▶ EXERCISE INSTRUCTIONS: Start at the line below containing "GE 28301 manual" and stop at the line containing "New Mexico Lobo, Volume". Repeat every line of that stretch exactly, and nothing outside it.

▶ GIVEN RECORDS:
▽
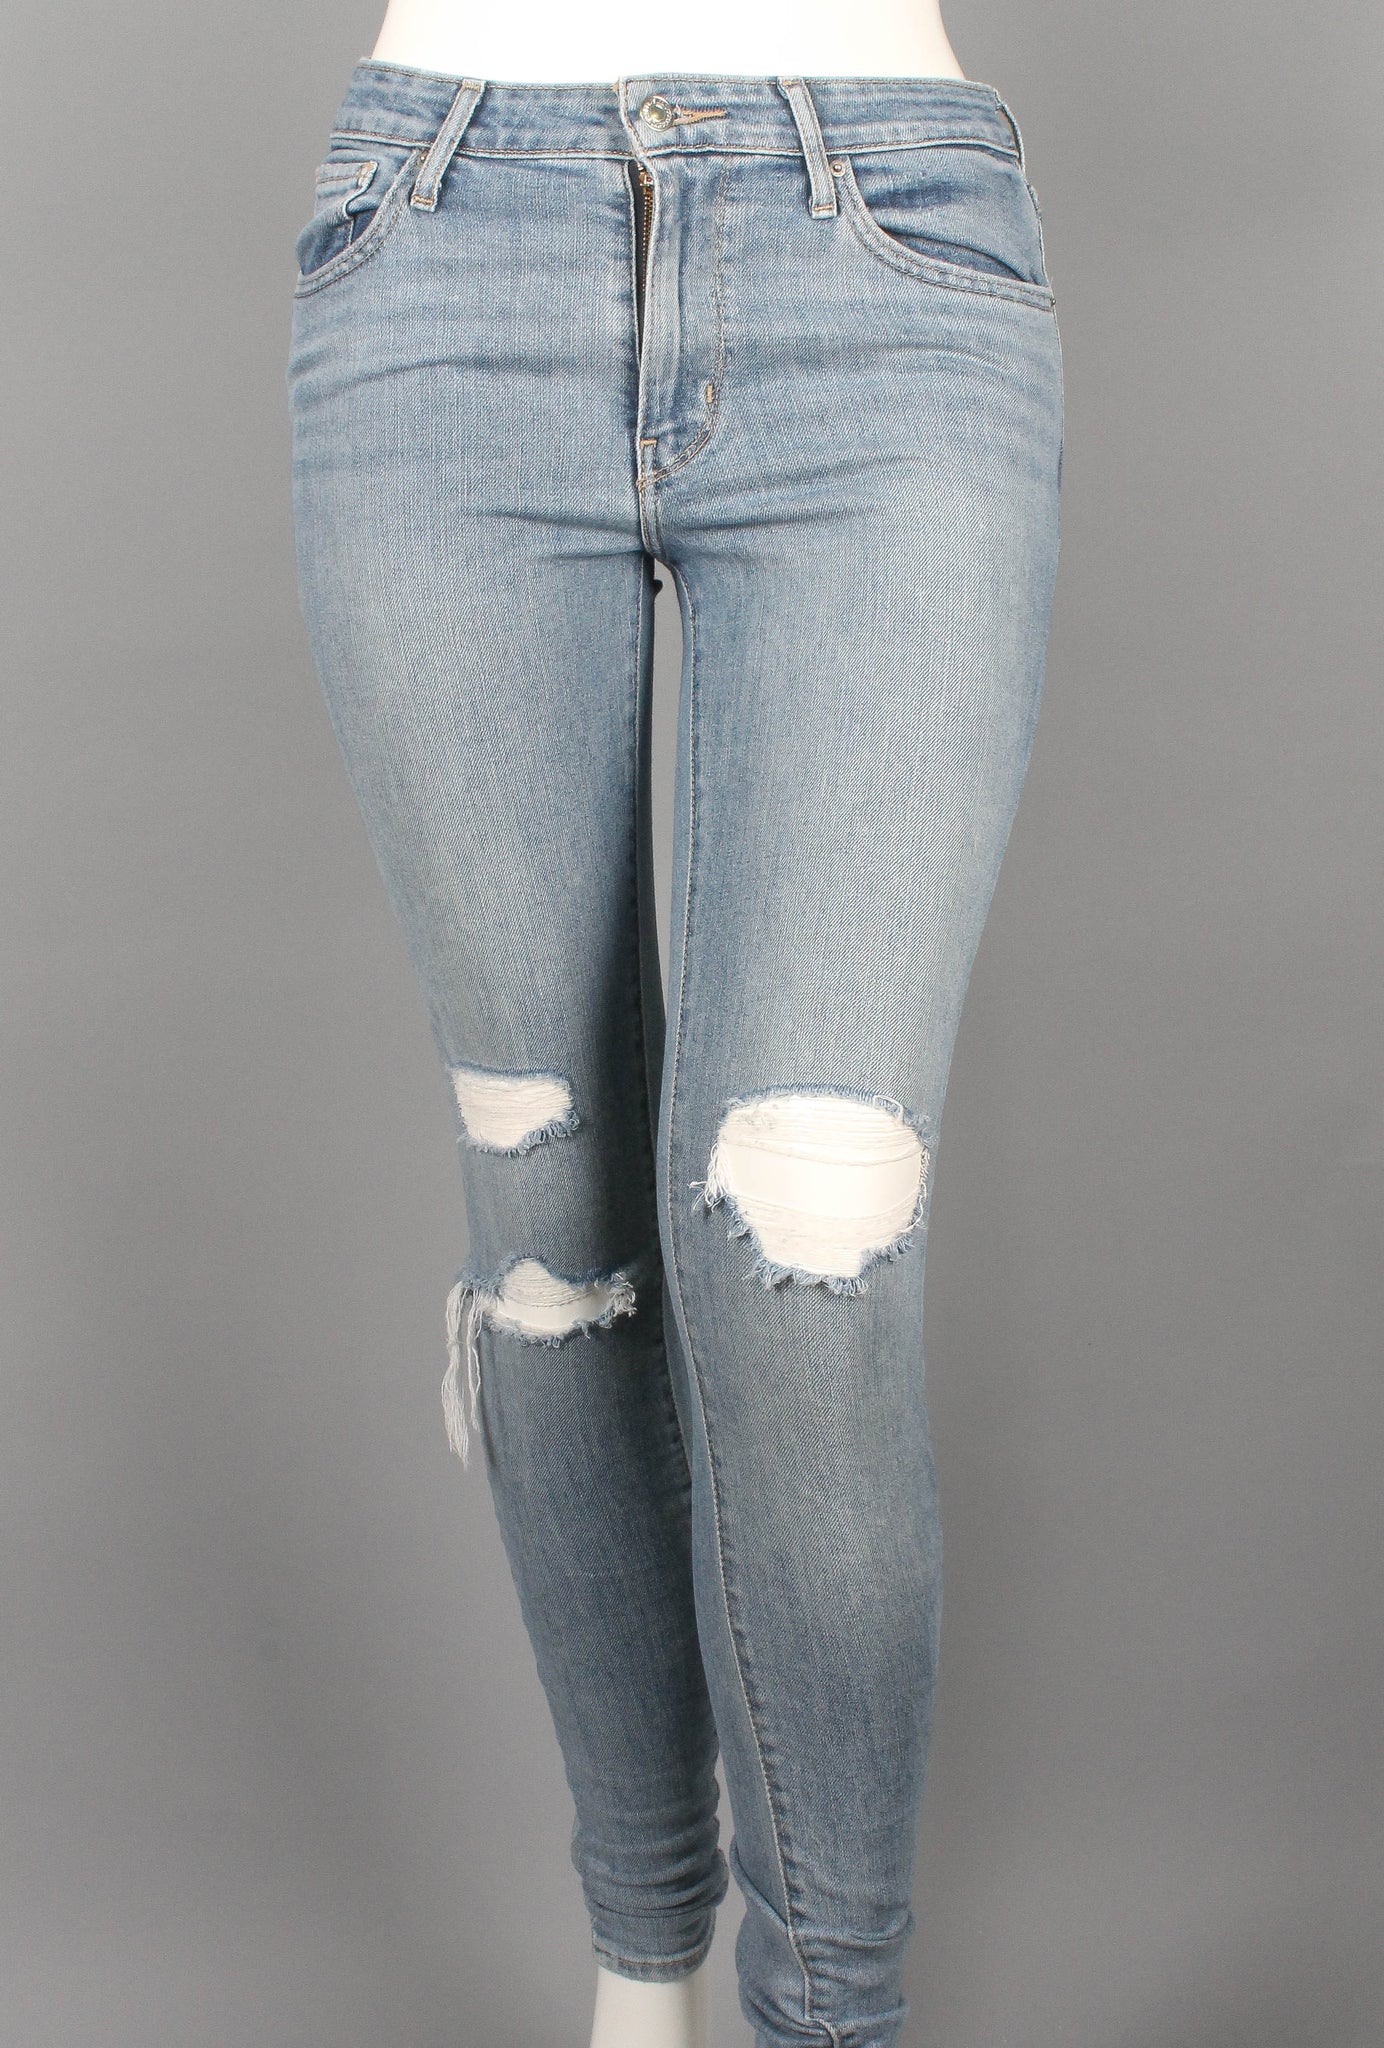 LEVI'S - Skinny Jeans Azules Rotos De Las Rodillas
△
▽
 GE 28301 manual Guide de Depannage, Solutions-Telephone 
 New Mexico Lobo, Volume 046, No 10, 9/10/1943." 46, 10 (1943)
△
▶ TASK RESPONSE:
 GE 28301 manual Guide de Depannage, Solutions-Telephone 
 New Mexico Lobo, Volume 046, No 10, 9/10/1943." 46, 10 (1943)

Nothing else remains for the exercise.